◆ Information supplied ◆
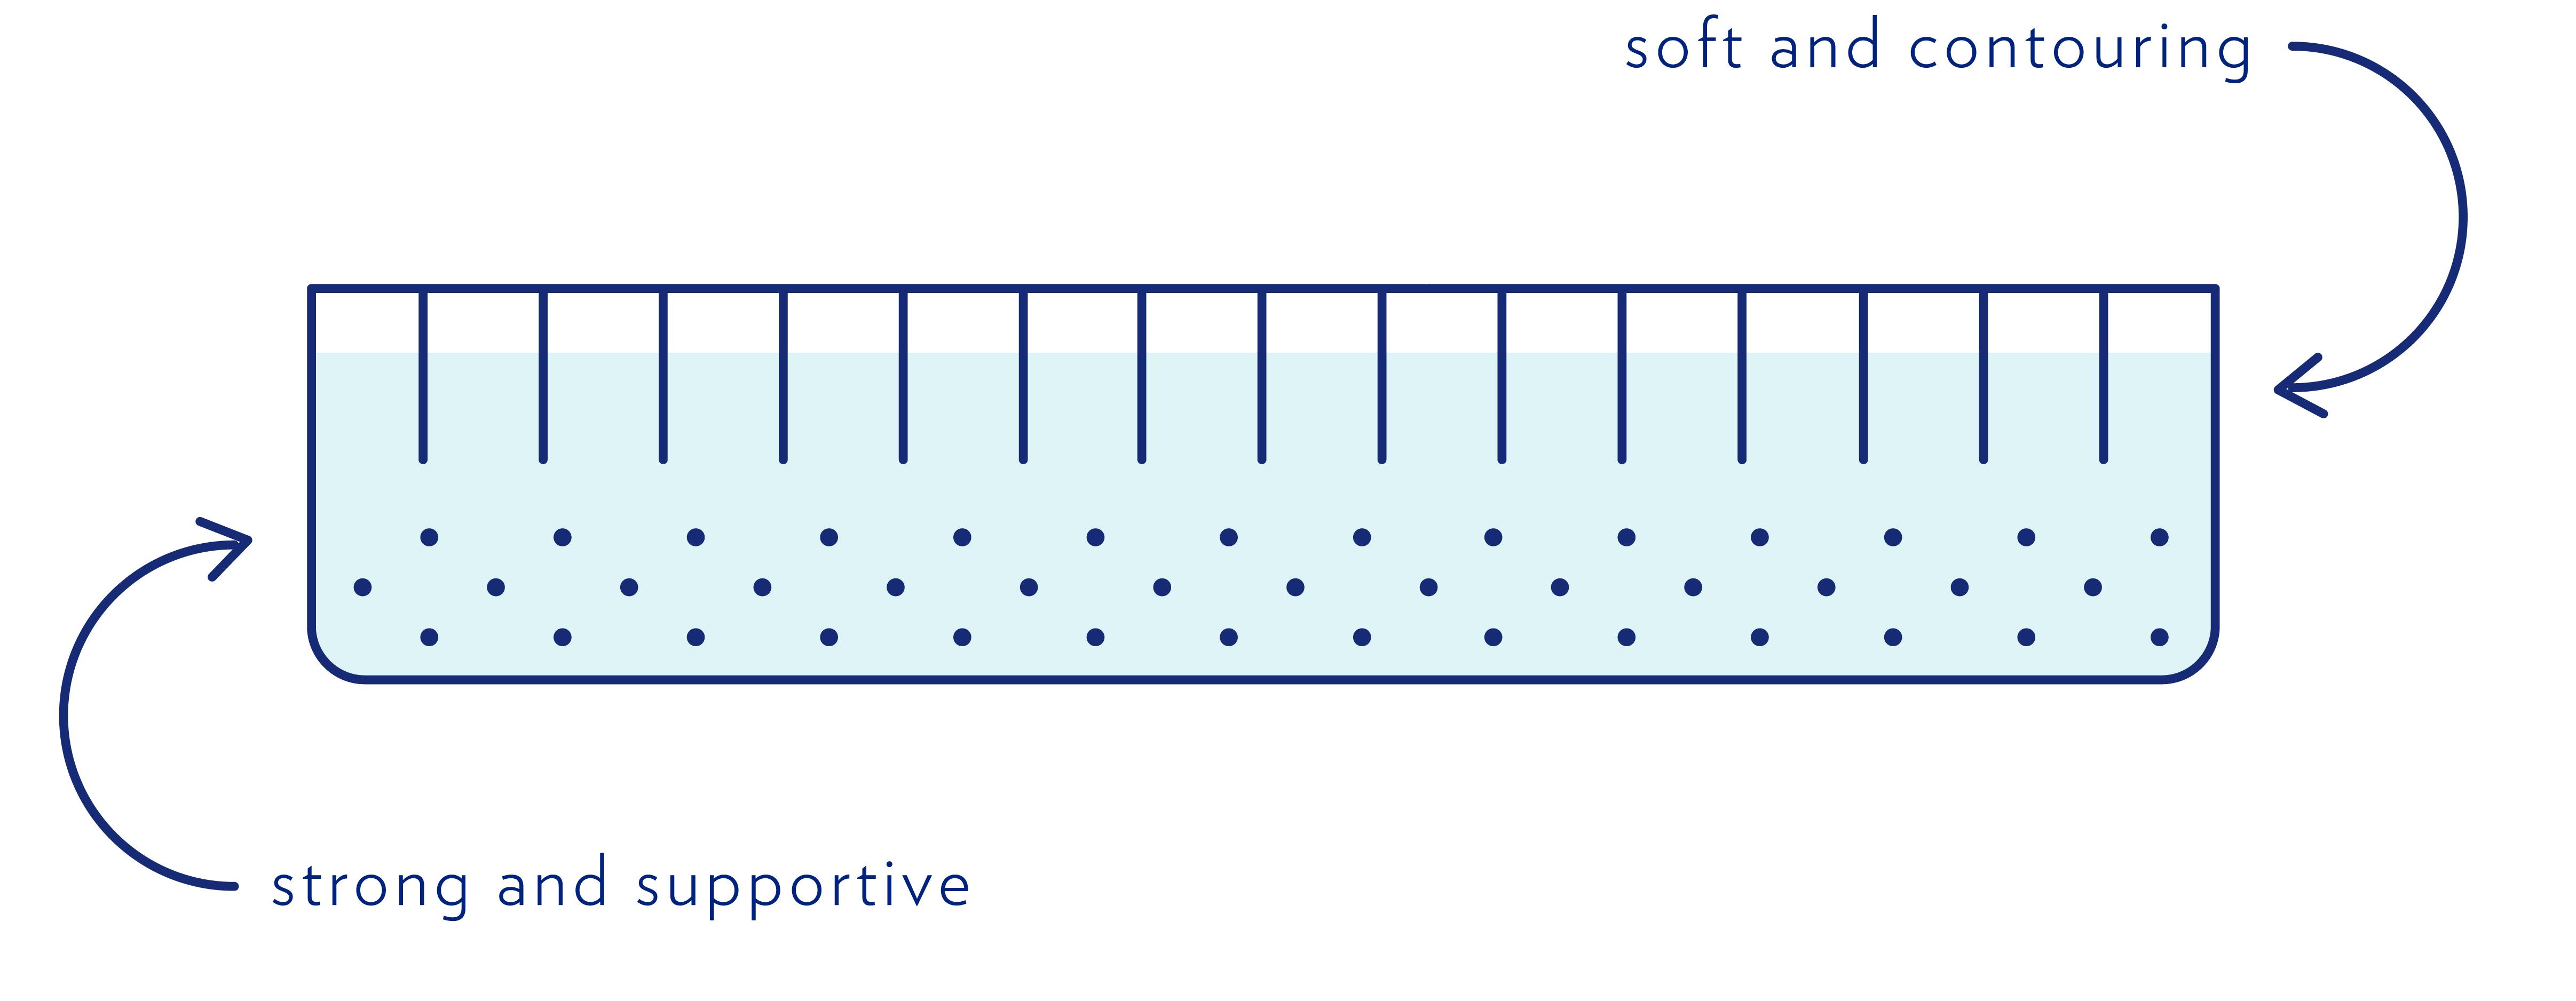 4826x1876 Types Of Mattresses A Casper Mattress Comparison
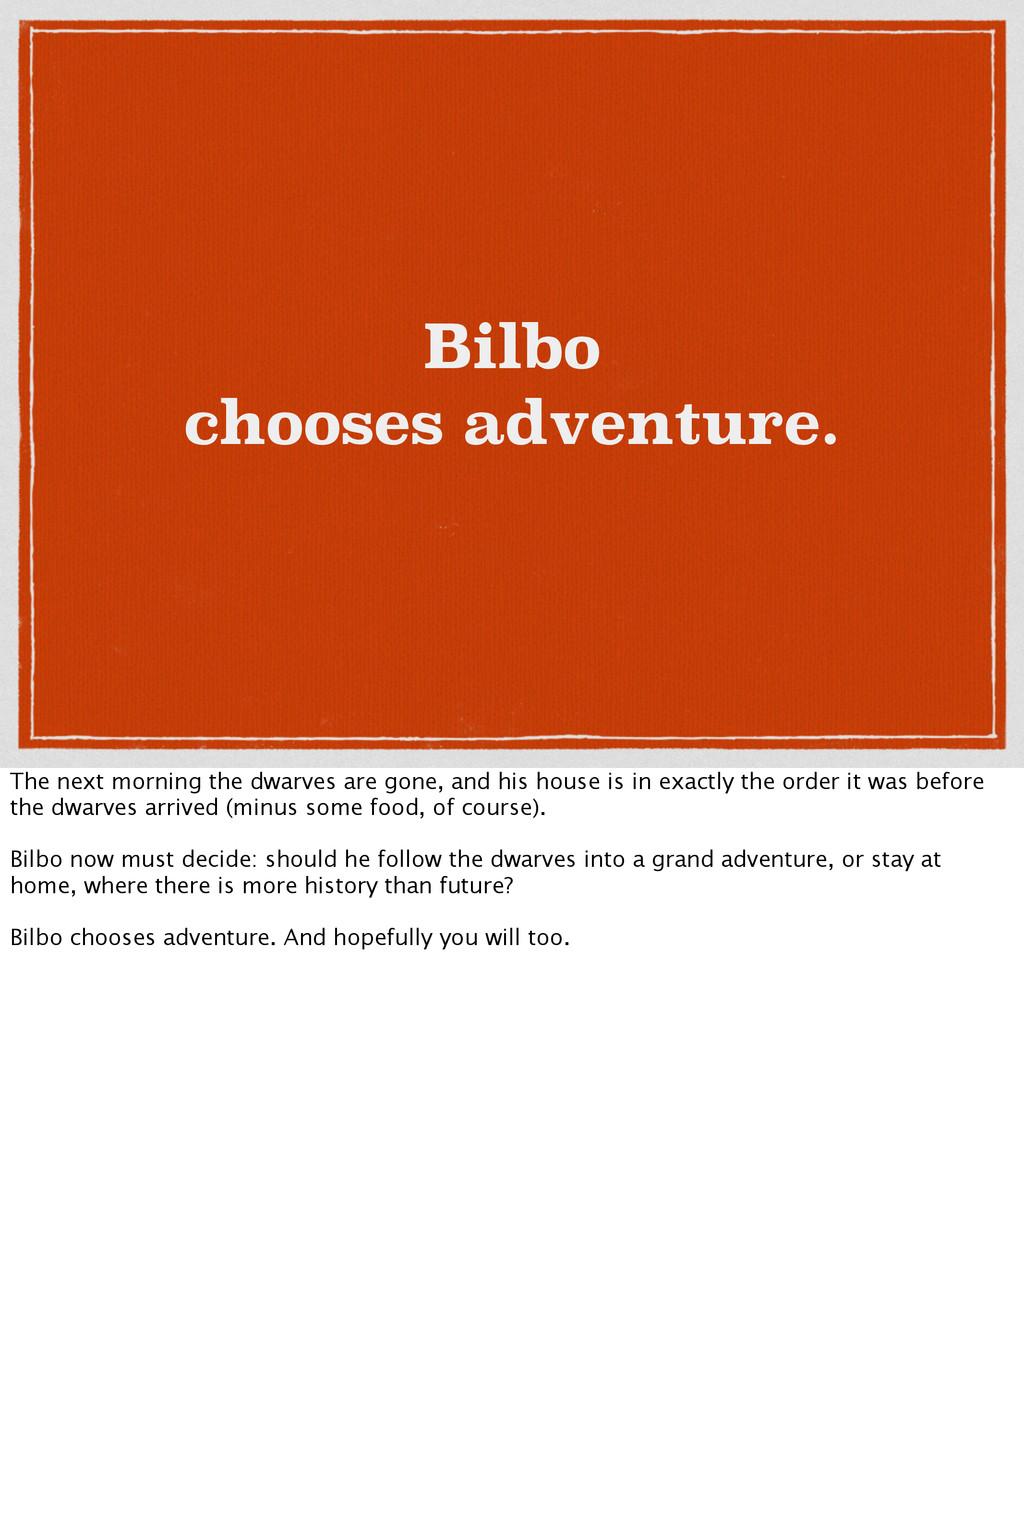 Bilbo chooses adventure. The next morning the d...
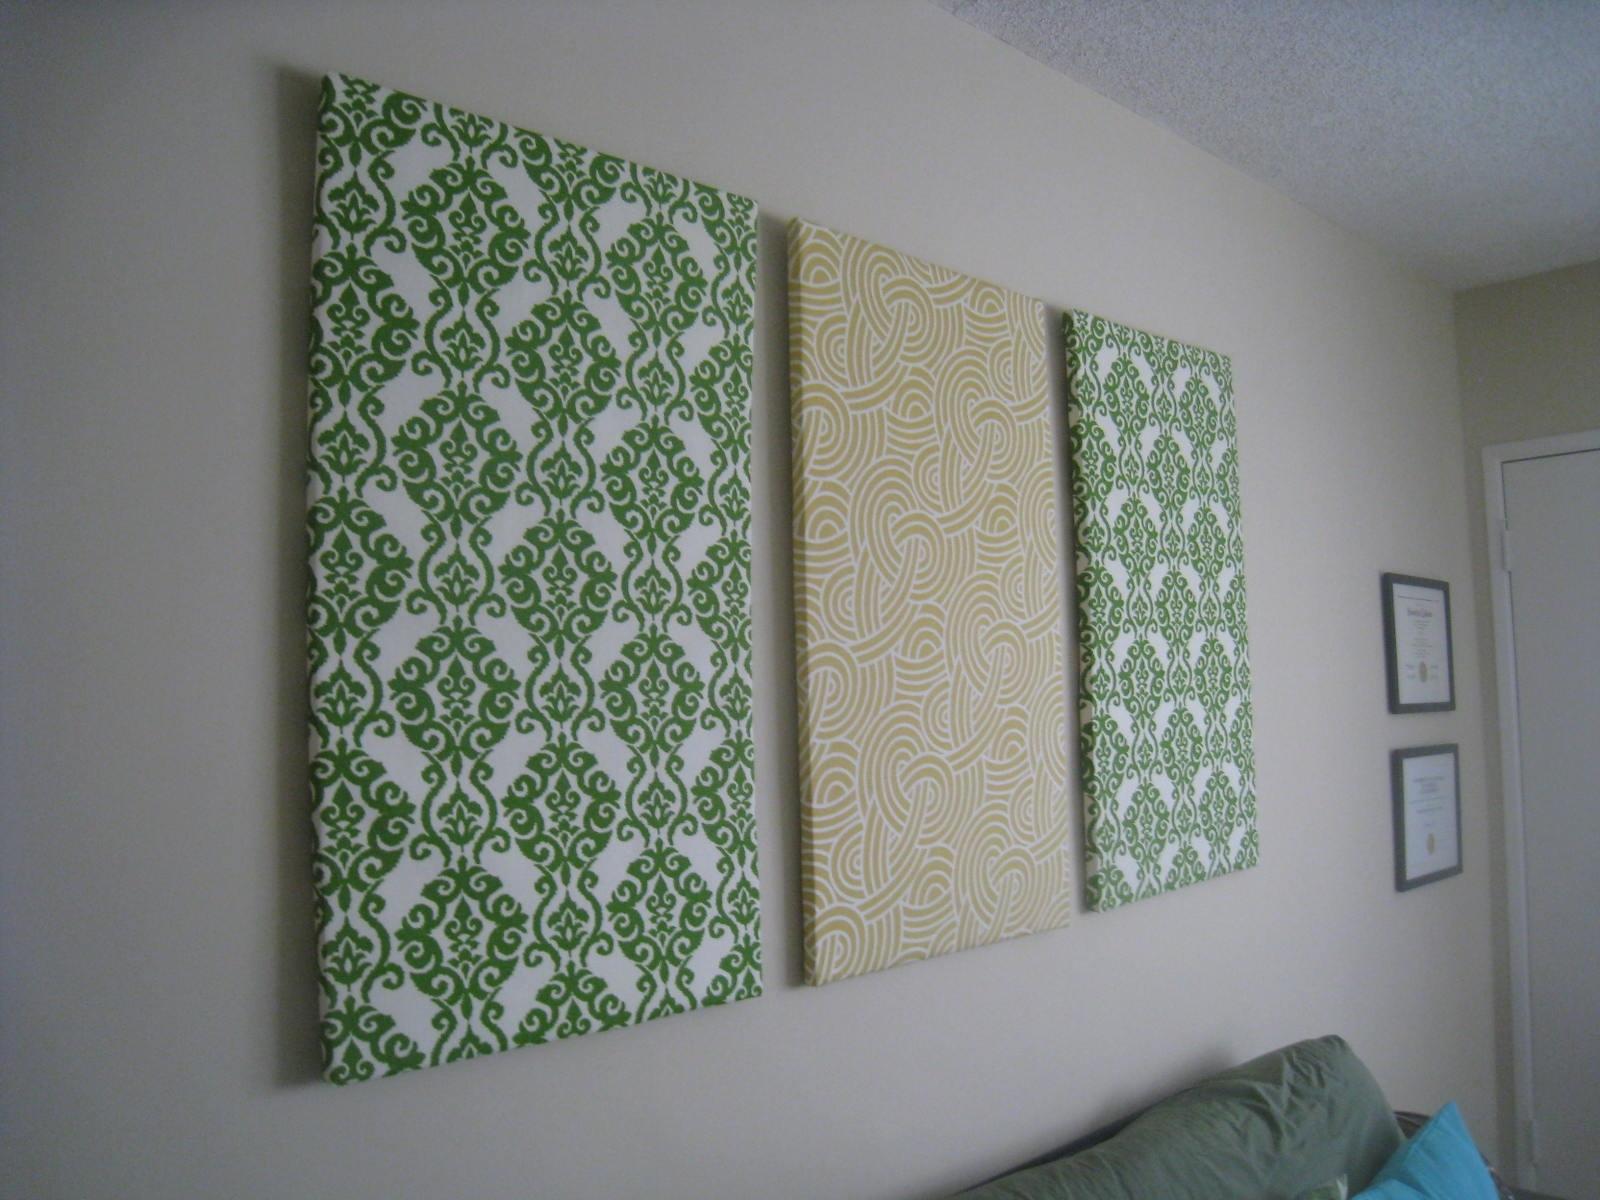 Art: Diy Fabric Wall Art With Regard To Newest Diy Fabric Wall Art Panels (View 10 of 15)

◆ Requirement ◆
When you output the listing, reproduce it exactly but drop its pictures.

◆ Answer to this problem ◆
 4826x1876 Types Of Mattresses A Casper Mattress Comparison
 Bilbo chooses adventure. The next morning the d...
 Art: Diy Fabric Wall Art With Regard To Newest Diy Fabric Wall Art Panels (View 10 of 15)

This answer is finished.